The Northmen's take on Hades proved particularly entertaining when I smacked into it.

caper_est: caper_est, the billy goat (Default)

230 words this morning of a scene I hadn't the hardiness for yesterday after work - wherefore I fled to put the last coat of varnish on the new door instead, and pursue its various sequels.

This passage is actually part of a celebration, and done with goodwill on all parts.  But it's a mediaevaloid country custom, in a hard and dangerous place, albeit an unusually kind and free community.  When I saw how roughly the mock battle for the New Year was going to play out  ("She wouldn't know she'd won if she'd not spent blood nor tears on it," says the canny seamstress-witch Ciss Cross-Stitch in the back of my head, advising the Founder of Fairfields as to why it isn't always sensible to persuade people to behave sensibly), all my sensibilities both old-fashioned and new-fangled positively cringed.  Even my court-reared characters winced.

Which suggests to me that I have at least something right about the tone.  If a community of medieval peasant-pioneers on the ragged edge of Elfland thought and acted inside my modern comfort zone, I would certainly be getting them wrong.

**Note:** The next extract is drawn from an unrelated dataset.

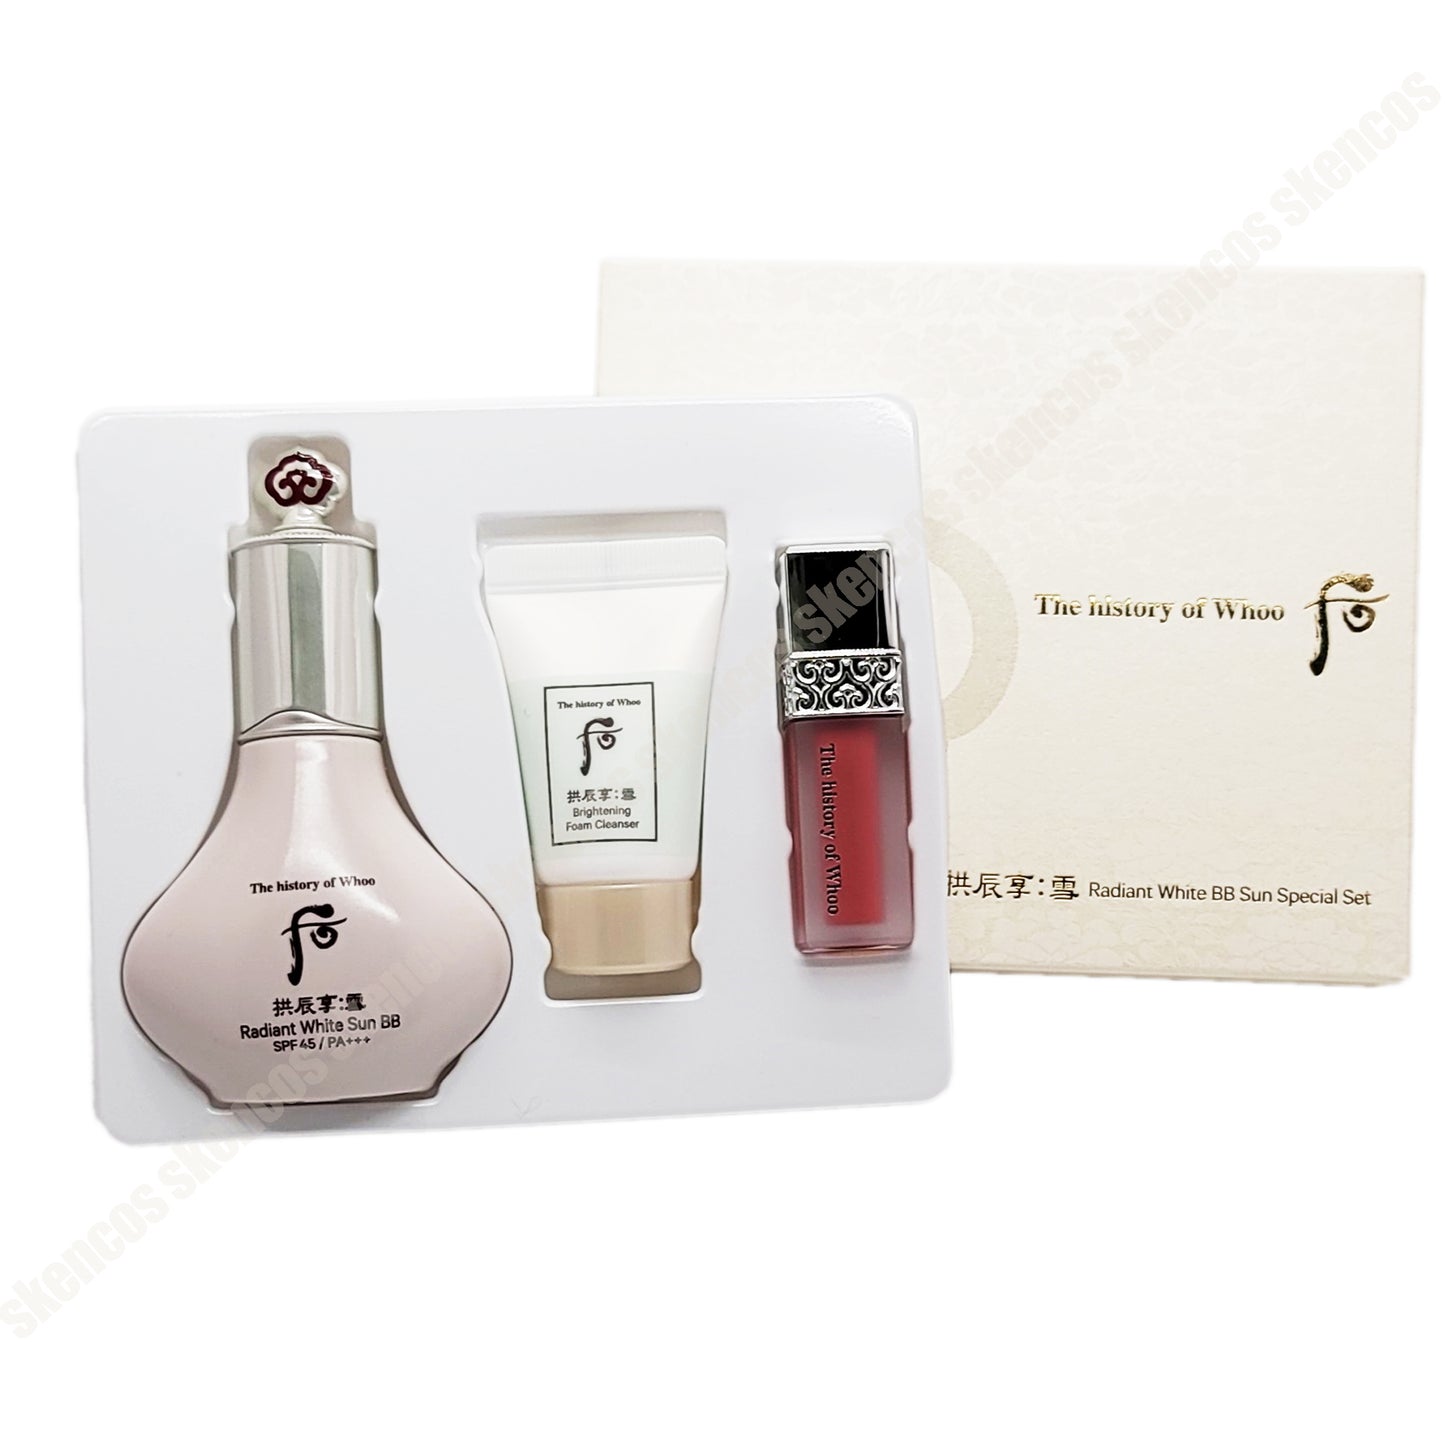 The History of Whoo Gongjinhyang Radiant White BB/SPF 45 40ml/UV Special Set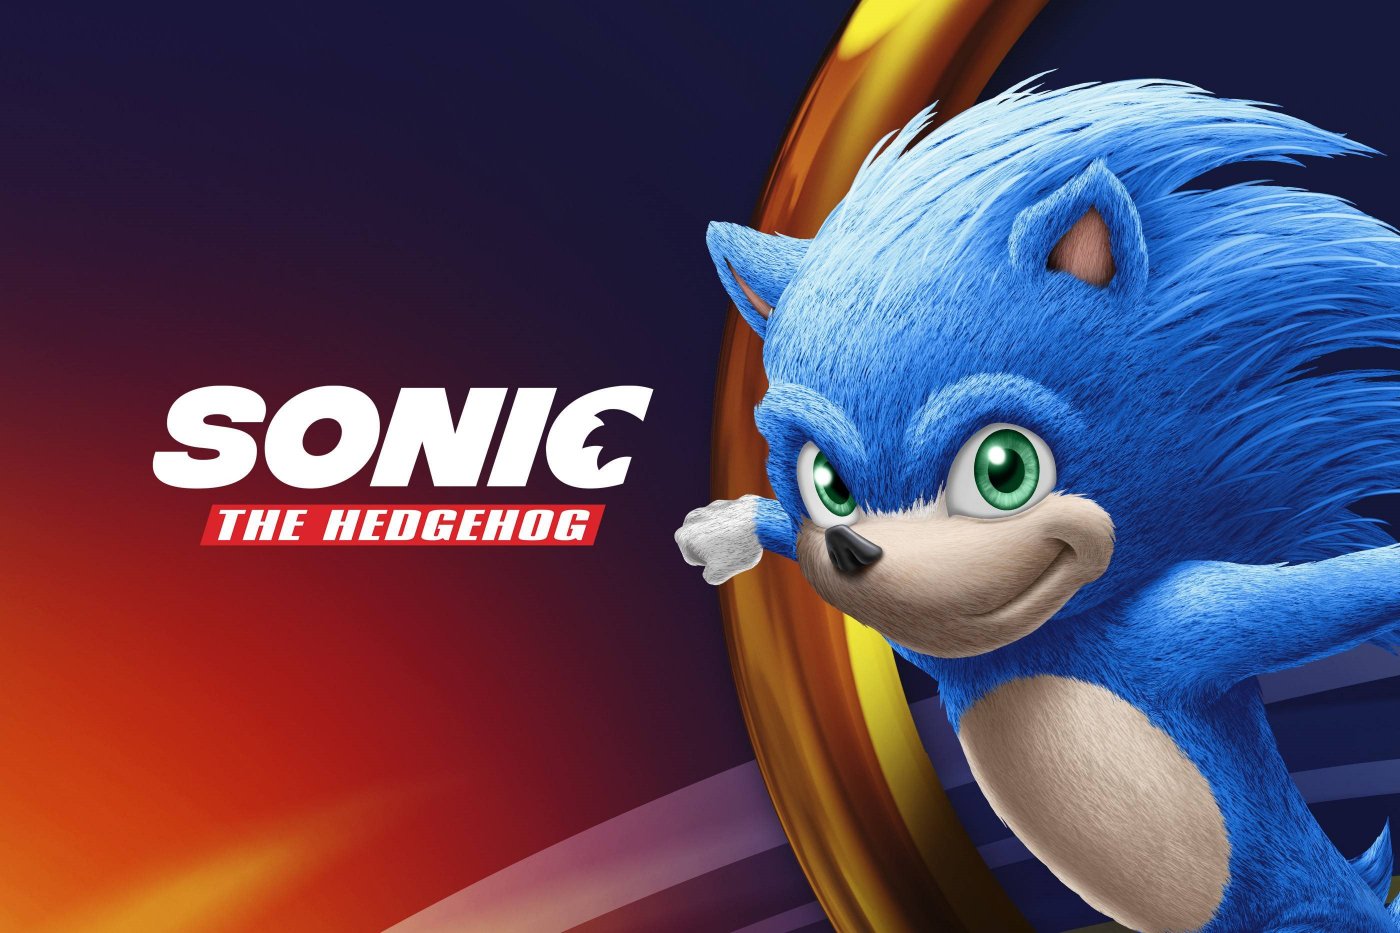 The new Sonic

Of course, too far outside the consensus modern comfort zone, and that's a potential problem for the reader.

What I'm trying to do, whether this particular scene survives the final cut or not, is to conjure a place in some ways rawly uncomfortable, and in others warm and welcoming - so that the whole should be seamless, and at best dearly desirable for the reader to visit, or at worst wholeheartedly believable in the way it speaks to my tumbleweed protagonists of 'home'.

Elsewhere, I am still being wormed, and Edward Lessingham has just turned up with wood and tools and interminably described ornamentation to fix up his half-cocked frame story.